Source : Boulevard Voltaire – “Les véritables enjeux des migrations – de Jean-Paul Gourévitch”

Énième ouvrage d’un expert devenu incontournable sur la question, railleront certains esprits chagrins qui, par cet aveu, montreront surtout qu’ils n’ont guère lu cette nouvelle étude de Jean-Paul Gourévitch. Pour clore le bec à ses dénigreurs aigris, l’on ajoutera que la problématique des migrations est, par définition, inépuisable, tant elle est mouvante et contingente et ne peut, scientifiquement, se fixer définitivement et immuablement dans le marbre des livres, fussent-ils des succès de librairie.

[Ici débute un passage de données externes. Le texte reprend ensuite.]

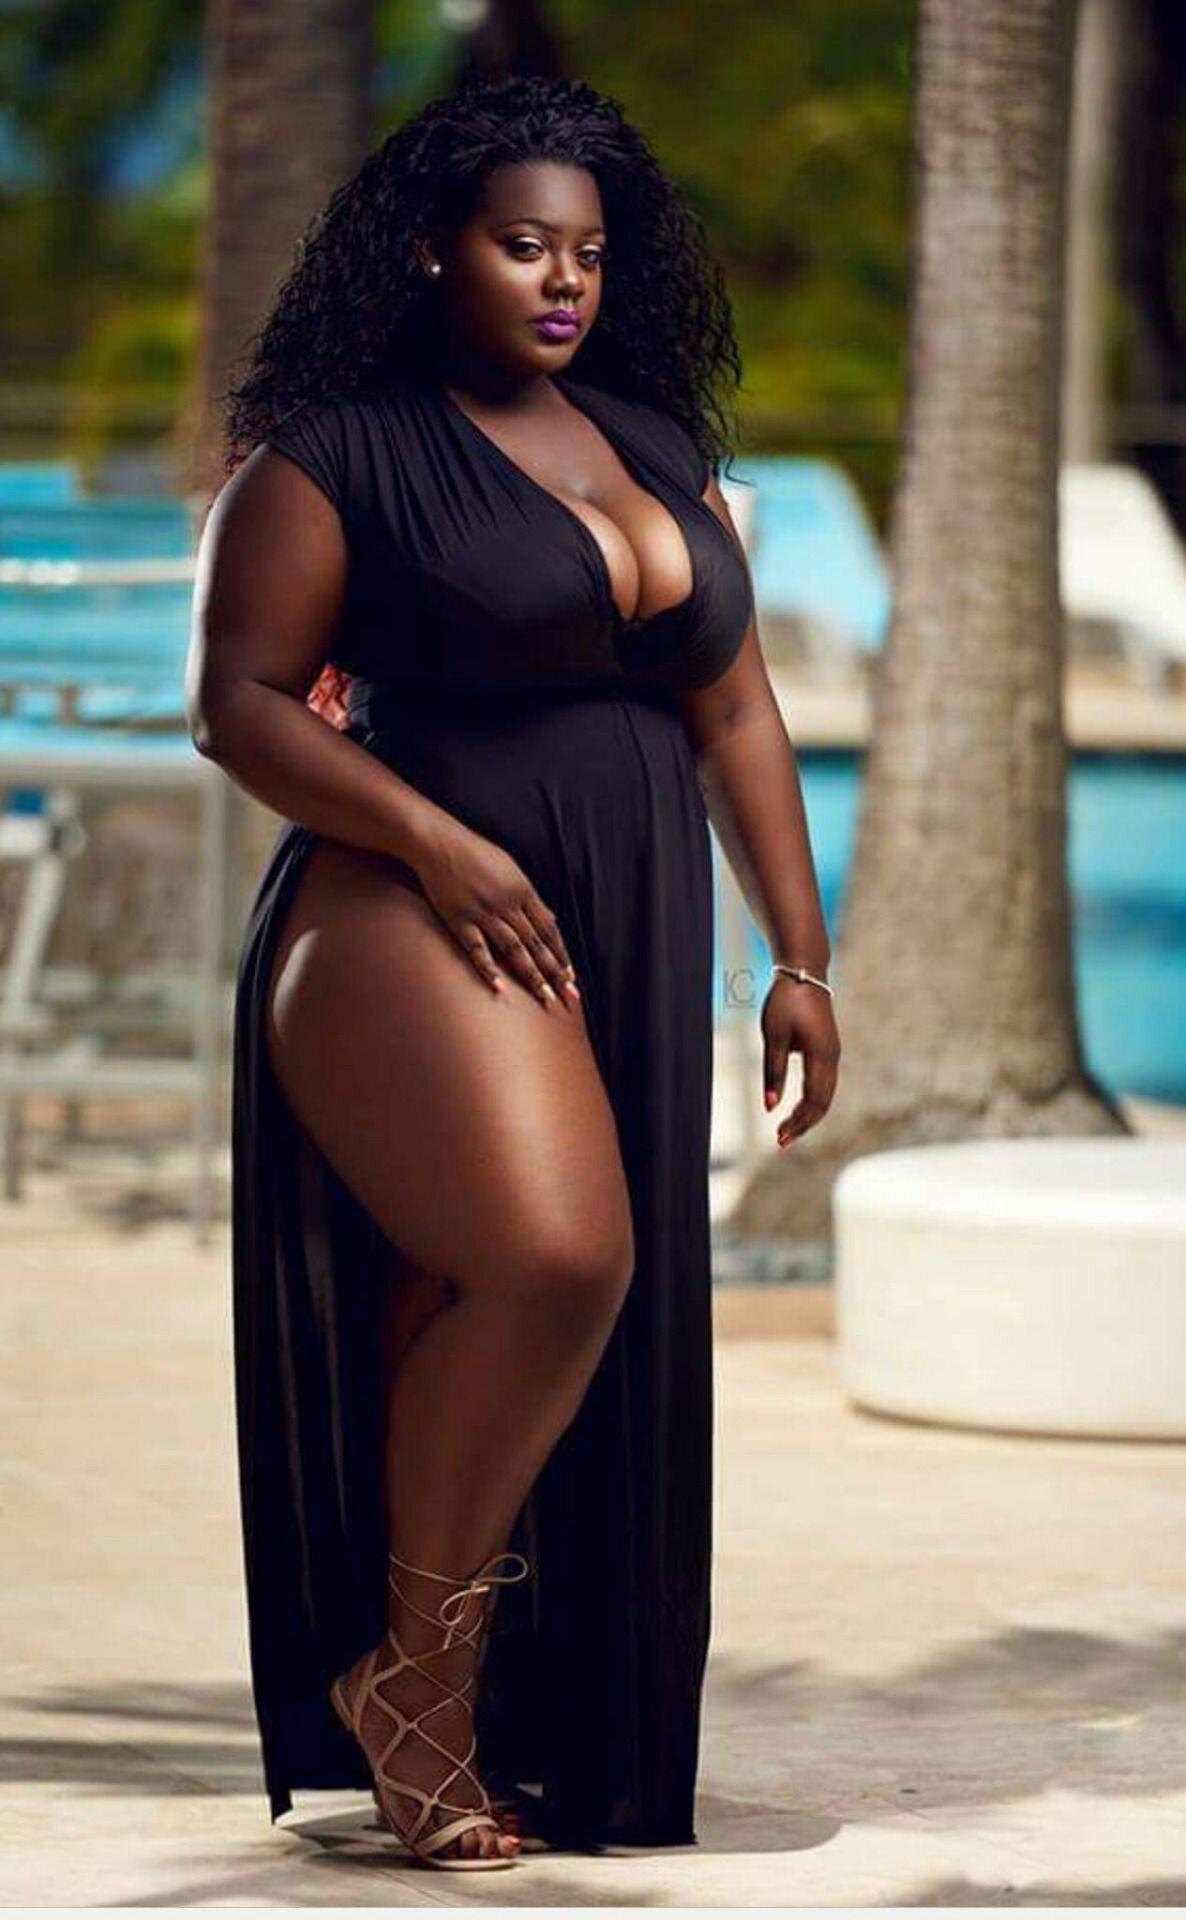 Lee big thick black women emo man see

Avec la clarté pédagogique et le regard distancié qu’on lui connaît, Gourévitch ne se borne pas à rappeler – et aussi à actualiser – les habituelles données chiffrées en la matière, mais offre au lecteur une vue élargie du phénomène migratoire qui sera au XXIe siècle ce que les totalitarismes que l’on sait furent au XXe.

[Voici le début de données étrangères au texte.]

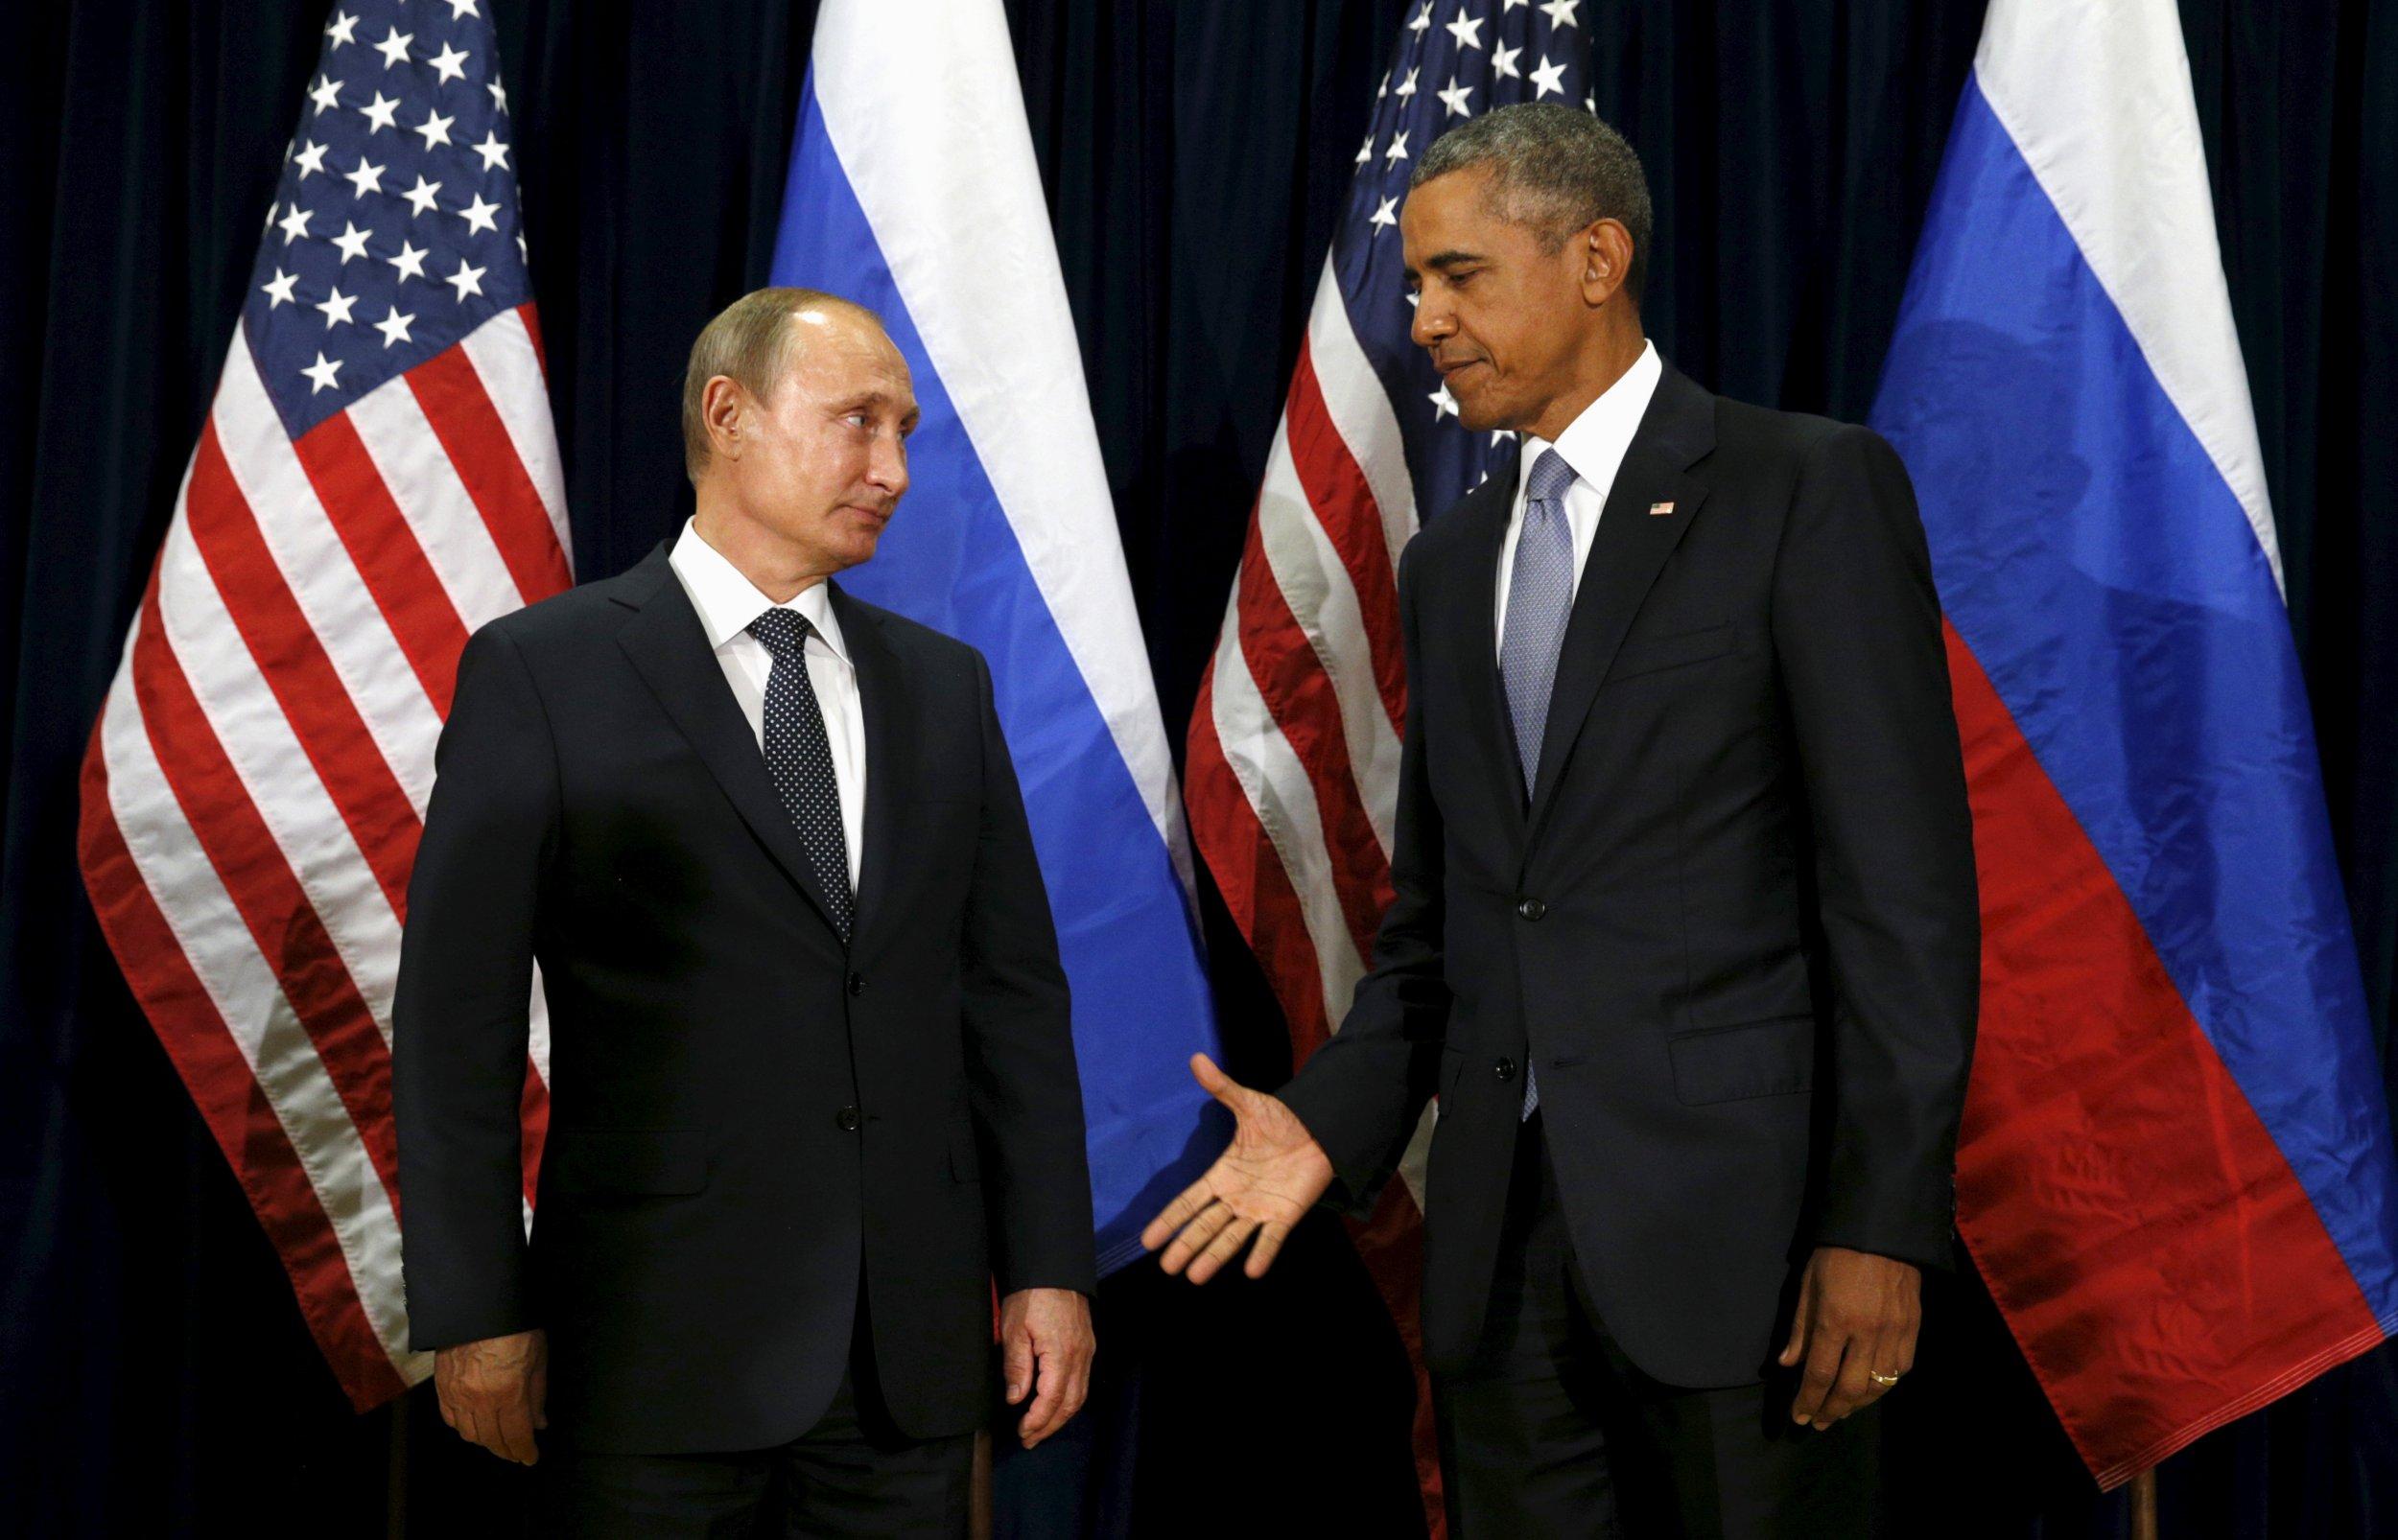 Putin Left

L’ouvrage, paru en début d’année, souhaite, dans le contexte de l’élection présidentielle, informer le citoyen pouvant se trouver égaré au milieu des « déclarations fracassantes, des promesses, des amalgames et des controverses dans lesquelles il est malaisé de se reconnaître ». Dont acte. L’auteur s’empresse même de « ne pas conclure » et invite fortement l’électeur à se défier tant de « l’information alternative [qui] n’est pas automatiquement véridique du seul fait qu’elle est alternative » que de « la classe politico-médiatique qui vous déverse ses informations chloroformées et ses analyses tiédasses ». Du Gourévitch pur jus qui, en dépit des procès d’intention qu’on a pu lui faire, à droite et à gauche, chez les mondialistes ou les souverainistes, dans le camp des « patriotes » comme dans celui des européistes, a toujours martelé son souci de se maintenir au-dessus de la mêlée. C’est ce qui le rend aussi insaisissable idéologiquement que parfaitement cohérent et à l’aise dans une démarche se voulant réellement impartiale.

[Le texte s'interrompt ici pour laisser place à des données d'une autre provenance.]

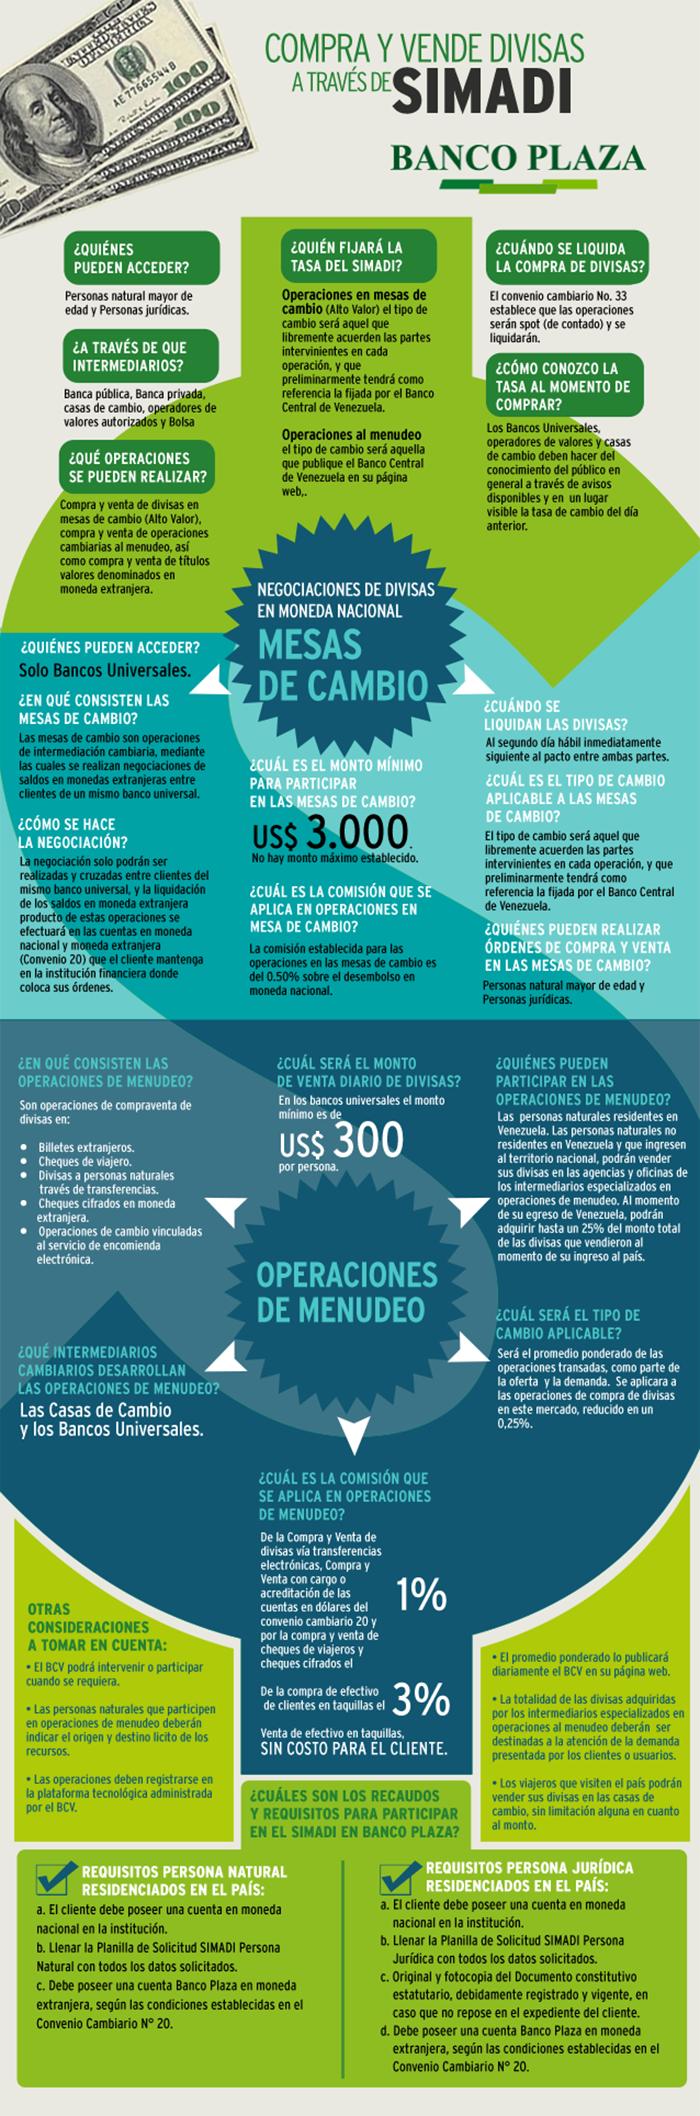 InfografiaSIMADI

Partant, l’on retrouvera, dans une formule plus condensée, les chiffres, analyses, commentaires et prospectives déjà substantiellement exposés dans Les Migrations pour les nuls (First, 2014), véritable somme encyclopédique en un domaine où la saine politique cède trop facilement le pas à la vaine polémique. On se souviendra, par surcroît, que l’opus fut littéralement éreinté par les grands médias comme par l’Université.

L’intérêt du livre de Jean-Paul Gourévitch est, précisément, de n’occulter aucune facette de ce phénomène total des migrations européennes et internationales. On en veut pour preuve la bonne quarantaine de pages consacrées à l’expatriation, autre point aveugle des politiques migratoires publiques marquées d’un « relatif désintérêt », lors même, souligne-t-il, que « l’expatriation représente pour l’État, c’est-à-dire les contribuables, un coût sensiblement analogue à celui de l’immigration ».

Par ailleurs, l’auteur tient pour « indiscutable » « l’accroissement en valeur absolue et en pourcentage de la population d’origine étrangère » tout en relevant, d’une part, les marges d’erreur des instituts officiels tels que l’INED ou l’INSEE, d’autre part, l’absence dommageable des statistiques ethniques. Ainsi, « n’est-il pas dangereux de casser le thermomètre quand on analyse un état de santé ? », lance, un brin ironique, notre chercheur qui, non sans avoir indiqué que « les immigrés seraient, fin 2016, autour de 8 millions, soit 12 % de la population », considère, nonobstant, que, le solde migratoire de l’immigration légale se situant aux alentours de 150.000 personnes annuelles, « nous sommes loin du grand remplacement [puisque] les quelque 15 à 22 % de la population d’origine étrangère résidant en France ont été constitués sur plus de trente ans ».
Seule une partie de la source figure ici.